Das três metodologias, a primeira é a mais barata e de resultados mais imediatos, devendo ser priorizada. Contra a sua implementação, no entanto, existe a resistência cultural e natural do ser humano, o que demanda um grande esforço de conscientização. A segunda metodologia é, em geral, de custo elevado, e, por isso, sua viabilização depende de oportunidades especiais, como ganhos extras à própria economia, obtida diretamente com a redução da água.

Complementarmente, por levar a alterações no processo, essa metodologia pode interferir nas demais etapas de produção e requerer adaptações complicadas.

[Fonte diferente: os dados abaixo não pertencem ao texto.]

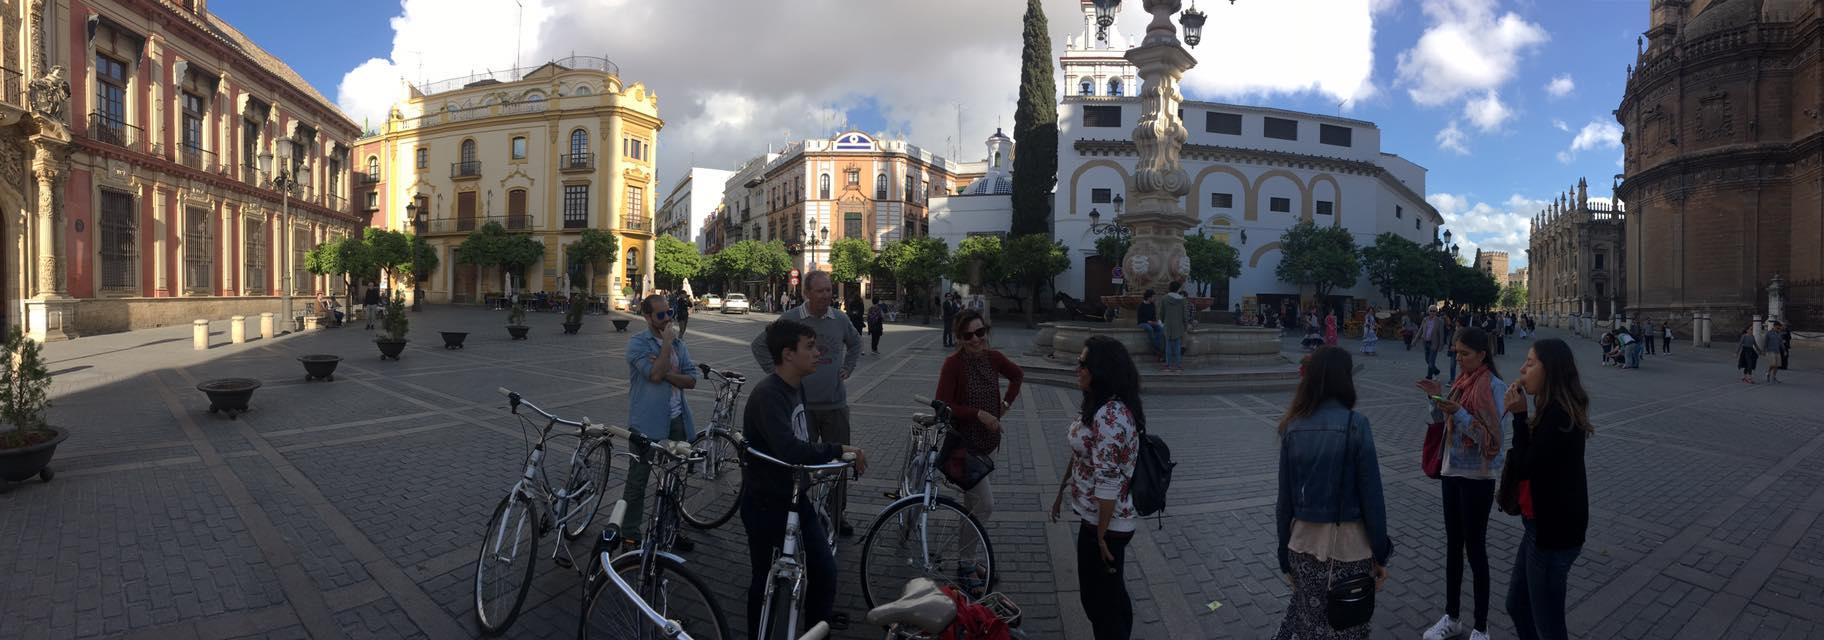 The Most Important Monuments to Visit in Seville Part 3: Plaza de España, Plaza de América & Parque de María Luisa (+ 3 Museums)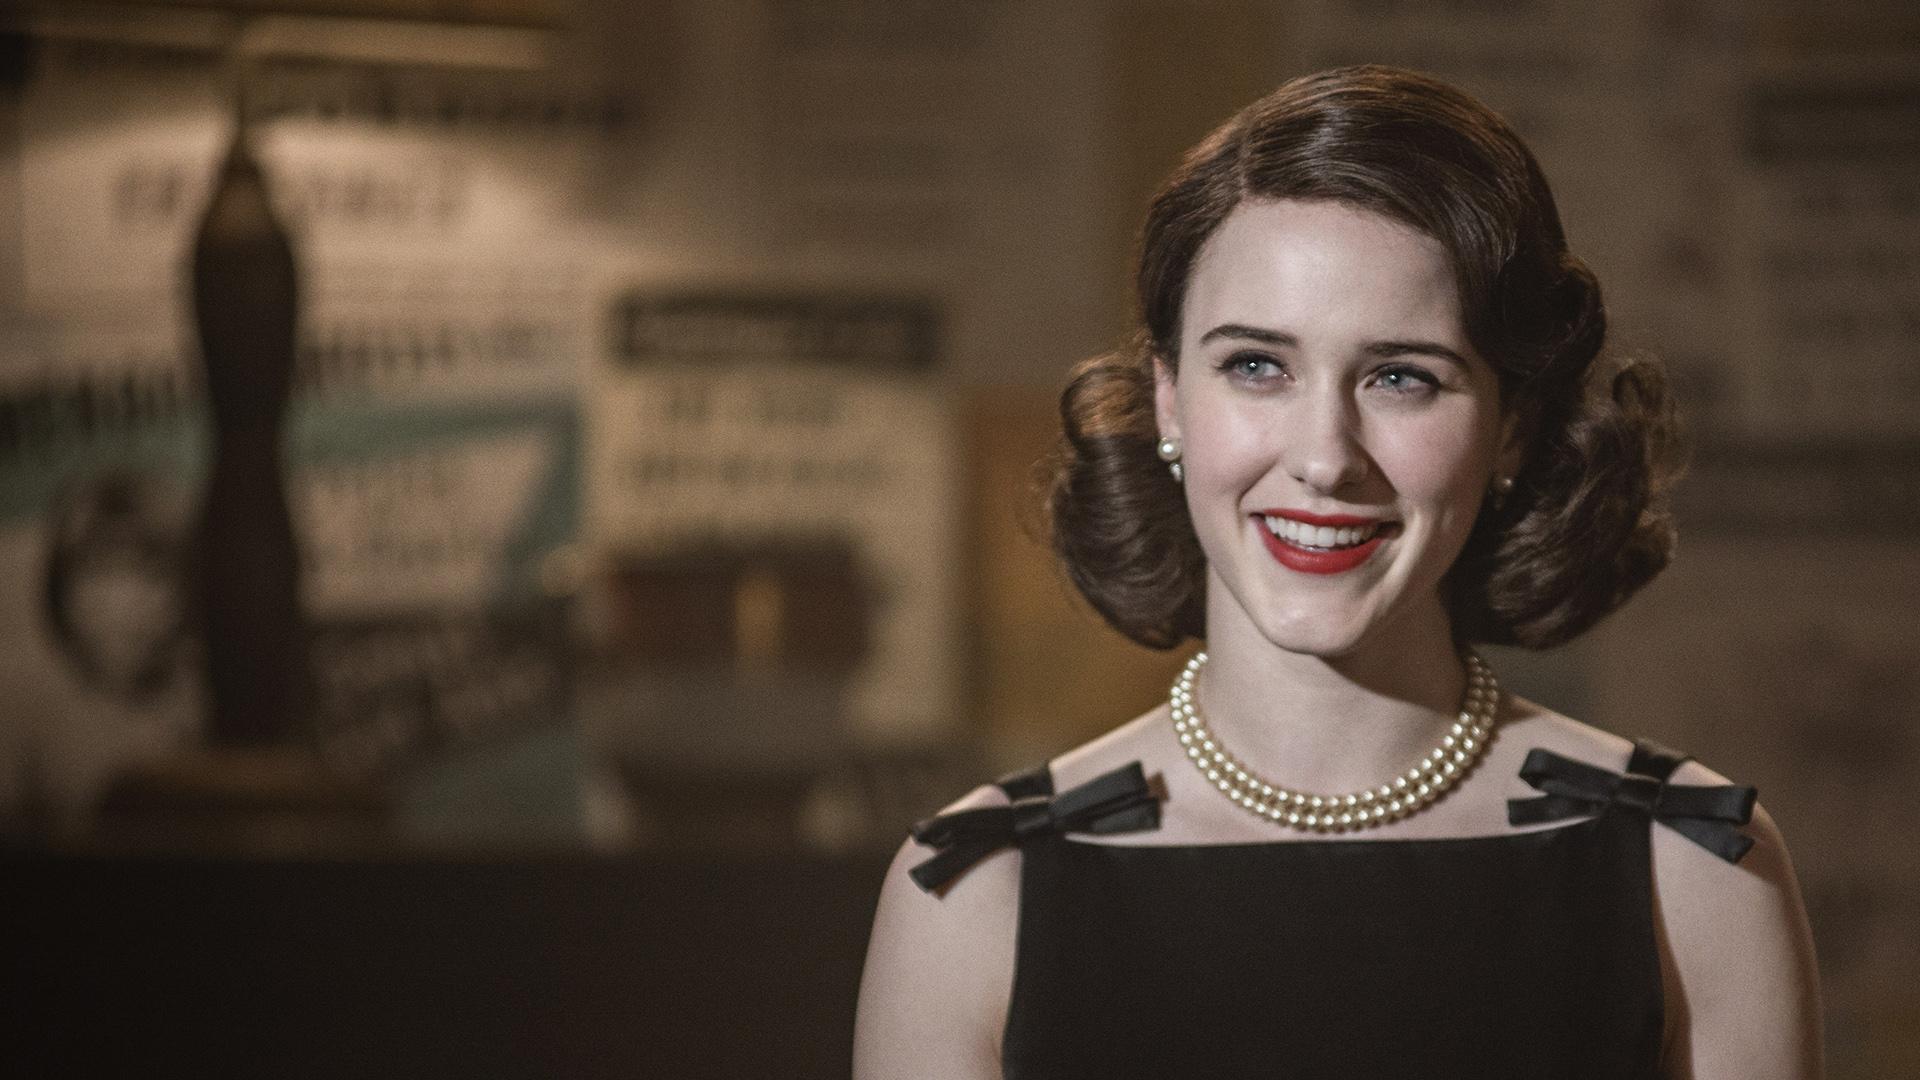 Watch The Marvelous Mrs. Maisel - Season 3 on Amazon Prime Video UK

Por exemplo: a limpeza da cana a seco introduziu grande quantidade de terra e areia no processo, prejudicando desde o tratamento do caldo até o tratamento da água de lavagem dos gases das caldeiras (final da linha).

Na terceira metodologia, é necessário contar com uma etapa de tratamento adicional, a fim de se compatibilizar a qualidade do efluente a ser reusado com a qualidade requerida para o seu reúso. Enquanto as duas metodologias anteriores reduzem a quantidade de água nova alimentada à planta e, consequentemente, a quantidade de efluente gerado, na terceira metodologia o reúso permite ainda que se utilize uma grande vazão de água em circuito fechado – o que é muito conveniente para algumas etapas do processo.

Como exemplo, as novas Estações de Tratamento de Água de Lavagem de Gases de Caldeira (Fuligem) permitem o contínuo reciclo de mais de um milhão de litros/hora, com reposição de apenas 2 a 5% da água perdida na fumaça e junto aos sólidos descartados. A introdução dessa tecnologia propiciou ao setor uma das reduções mais significativas no consumo de águas e na poluição ambiental (nas caldeiras de bagaço são produzidos de 5 a 10 kg de matéria seca/tonelada de vapor gerado, que antes eram lançados no ar ou nos rios).

Para o balizamento de estudos visando à racionalização do balanço de águas e efluentes, algumas considerações gerais podem ser feitas:

1. para facilitar seu tratamento e reúso, os efluentes devem ser segregados conforme o tipo e o grau de contaminação, separando-se águas oleosas, águas açucaradas, águas de fuligem e águas de refrigeração. Por exemplo: águas oleosas dificultam significativamente processos de tratamento biológico, enquanto podem ser facilmente tratadas por flotação,o que permite, inclusive, o seu reúso. Ainda, açúcares residuais nas águas de lavagem de gases propiciam a queda do pH e a fermentação do meio, com geração de efluentes incompatíveis com o processo de decantação de fuligem.

2. a intensidade do tratamento necessária para o reúso do efluente em sua própria aplicação de origem é, geralmente, inferior à necessária para o seu descarte, reduzindo, dessa forma, o custo total de tratamento.

3. efluentes açucarados correspondem, geralmente, a grandes vazões com baixa concentração de açúcares, condições incompatíveis com as técnicas modernas e compactas de tratamento biológico. Complementarmente, a etapa biológica deve ser precedida por um tratamento para remoção de sólidos  – necessário também para evitar assoreamento.

Uma alternativa interessante para esse caso consiste na clarificação e reúso de parte dos efluentes açucarados em lavagens em geral, com consequente redução do volume final a ser descartado e aumento da concentração dos açúcares residuais, tornando-o mais compatível com a etapa biológica posterior.

O enquadramento do setor de açúcar, álcool e bioeletricidade às normas ambientais requer um re-estudo dos conceitos fabris à luz das novas tecnologias de tratamento e de reúso de efluentes já disponíveis no mercado. Projetos de expansão da produção e a implantação de novas unidades industriais constituem excelentes oportunidades para compatibilizar o setor com os conceitos mais modernos de integração indústria-meio ambiente.